AMÉRICA SON LOS ESTADOS UNIDOS
A primera vista podría pensarse que la denominación Golfo de América es inclusiva y más universal que la de Golfo de México porque tendría en cuenta al conjunto del continente. Eso no es cierto, ya que para Estados Unidos América son ellos y los demás habitantes al sur del Río Bravo pertenecemos a un mundo atrasado, de delincuentes y criminales.
Este mismo hecho debe ser explicado en términos históricos. Para empezar, el vocablo América fue enunciado por primera vez en el siglo XVI para referirse a todo el nuevo continente, en el cual la potencia dominante era España. El nombre rinde honores a Americo Vespucio, un navegante florentino quien fue el primero que anunció en Europa que se había descubierto otro continente. En su homenaje el cosmógrafo alemán Martin Waldseemüller editó en 1507 las cartas de Vespucio junto con su Cosmographiae Introductio. En el prefacio escribió: «Ahora que esas partes del mundo han sido extensamente examinadas y otra cuarta parte ha sido descubierta por Américo Vespucio, no veo razón para que no la llamemos América, es decir, tierra de Américo, su descubridor, así como Europa, África y Asia recibieron nombres de mujeres.»

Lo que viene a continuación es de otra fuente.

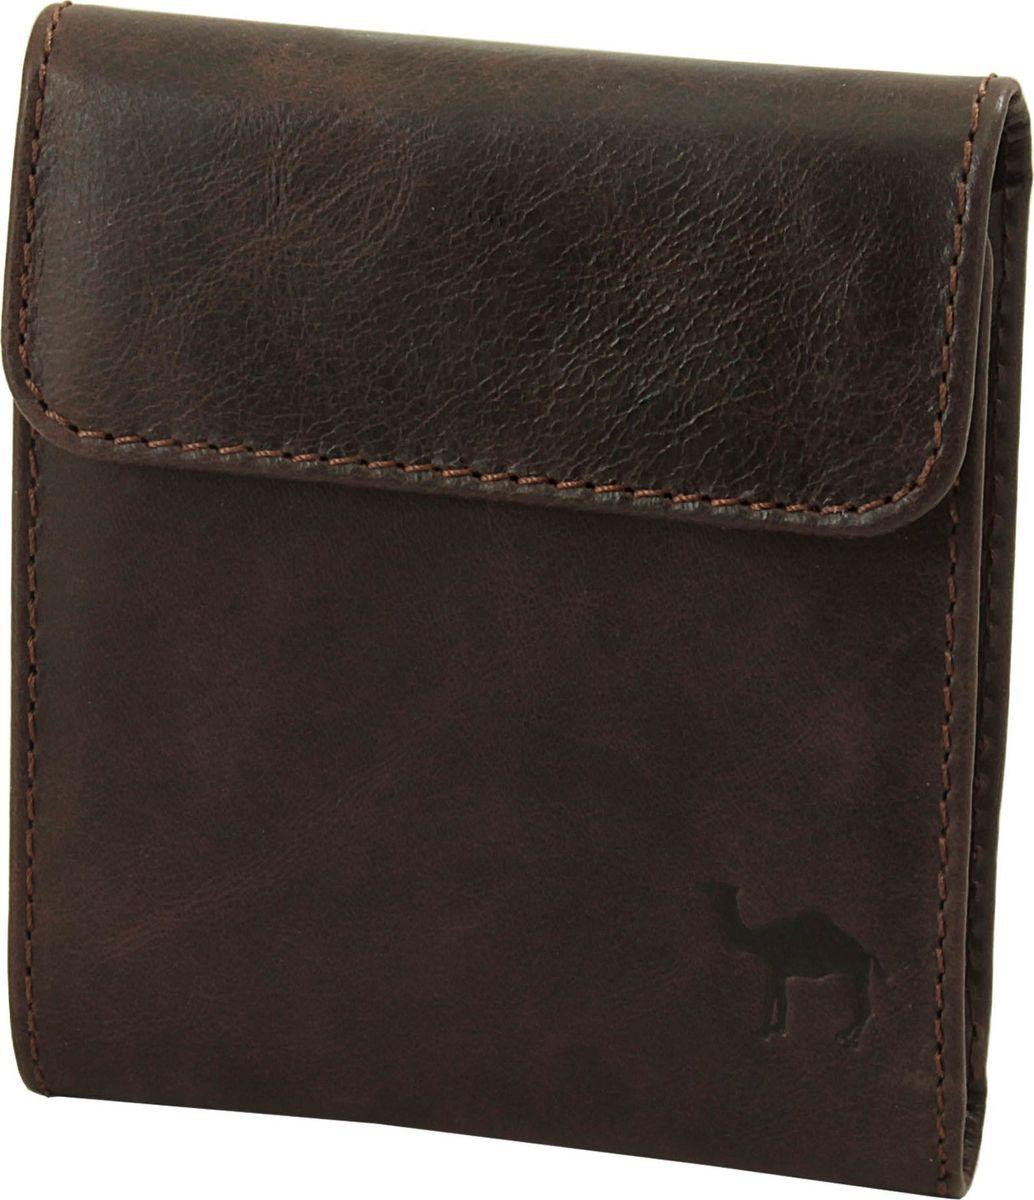 Портмоне мужское Dimanche Camel, цвет: коричневый. 279/К279/К_коричневыйУдобное портмоне Dimanche Camel изготовлено из натуральной кожи. Внутри имеется два открытых кармана для купюр и один карман на молнии, три кармашка для визиток/кредиток, два потайных кармана и карман для мелочи на кнопочке.

América empezó a emplearse para referirse a todo el continente y los habitantes nativos de este hemisferio empezaron a ser denominados con el gentilicio de “americanos”. Luego empezó a utilizarse para nombrar a los colonos de origen europeo que se establecieron en estas tierras o a sus hijos. El gentilicio americano no designaba alguna nacionalidad sino una procedencia geográfica genérica, referida a cualquier habitante del nuevo mundo, estuviera en los dominios de España, Portugal, Gran Bretaña o Francia, eso no importaba.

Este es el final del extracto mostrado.